Af­ter speak­ing for an hour and 40 min­utes, Mr. DeSarro asked the jury to pro­vide “noth­ing less, and I mean noth­ing less, than full jus­tice.” The words were spelled out in gi­ant blue let­ters on a TV screen as Mr. DeSarro said them.

Mr. Frein’s at­tor­ney’s open­ing state­ment, mean­while, took only six min­utes.
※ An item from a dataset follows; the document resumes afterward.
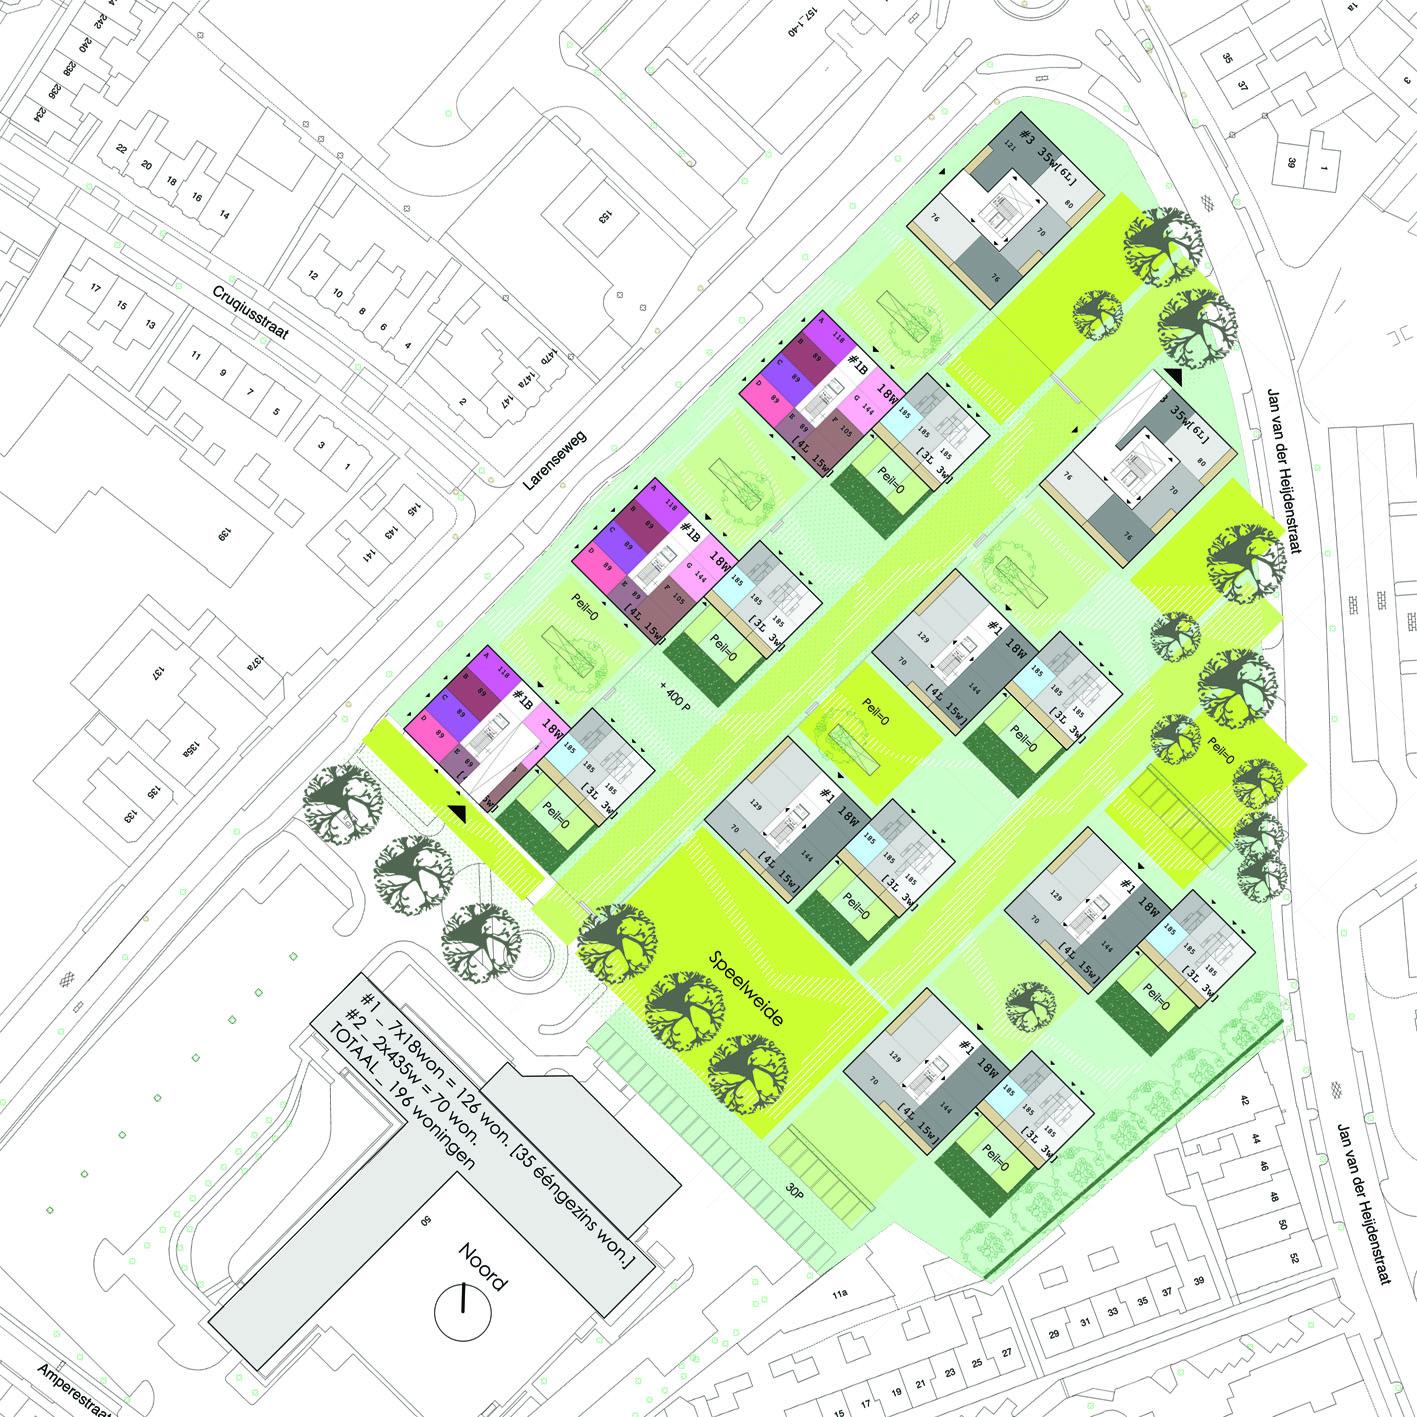 Lucent terrein Ripolin Hilversum stedenbouwkundig plan Alliantie Atelier PUUUR

De­fense lawyer Michael We­in­stein re­minded jurors that Mr. Frein is pre­sumed in­no­cent and said the gov­ern­ment must prove its case. Mr. Frein won’t take the stand, he said, but jurors will get to know him when they watch a video­taped in­ter­view that po­lice con­ducted on the night of his ar­rest.

“It will give you a chance to meet Eric. It will give you a chance to see what he’s like,” Mr. We­in­stein said.

The de­fense had tried to sup­press Mr. Frein’s con­fes­sion, as­sert­ing po­lice had vi­o­lated his right to re­main si­lent, but a judge ruled the jury would be per­mit­ted to see it.

Mr. DeSarro showed jurors the crum­pled note­book pages that po­lice found dur­ing the man­hunt — part of a jour­nal writ­ten in Mr. Frein’s hand in which the gun­man de­scribes how he “got a shot around 11 p.m. and took it,” watch­ing one of his vic­tims fall “still and quiet.”

Mr. DeSarro also showed them por­tions of a let­ter that au­thor­i­ties say Mr. Frein wrote to his par­ents while on the run.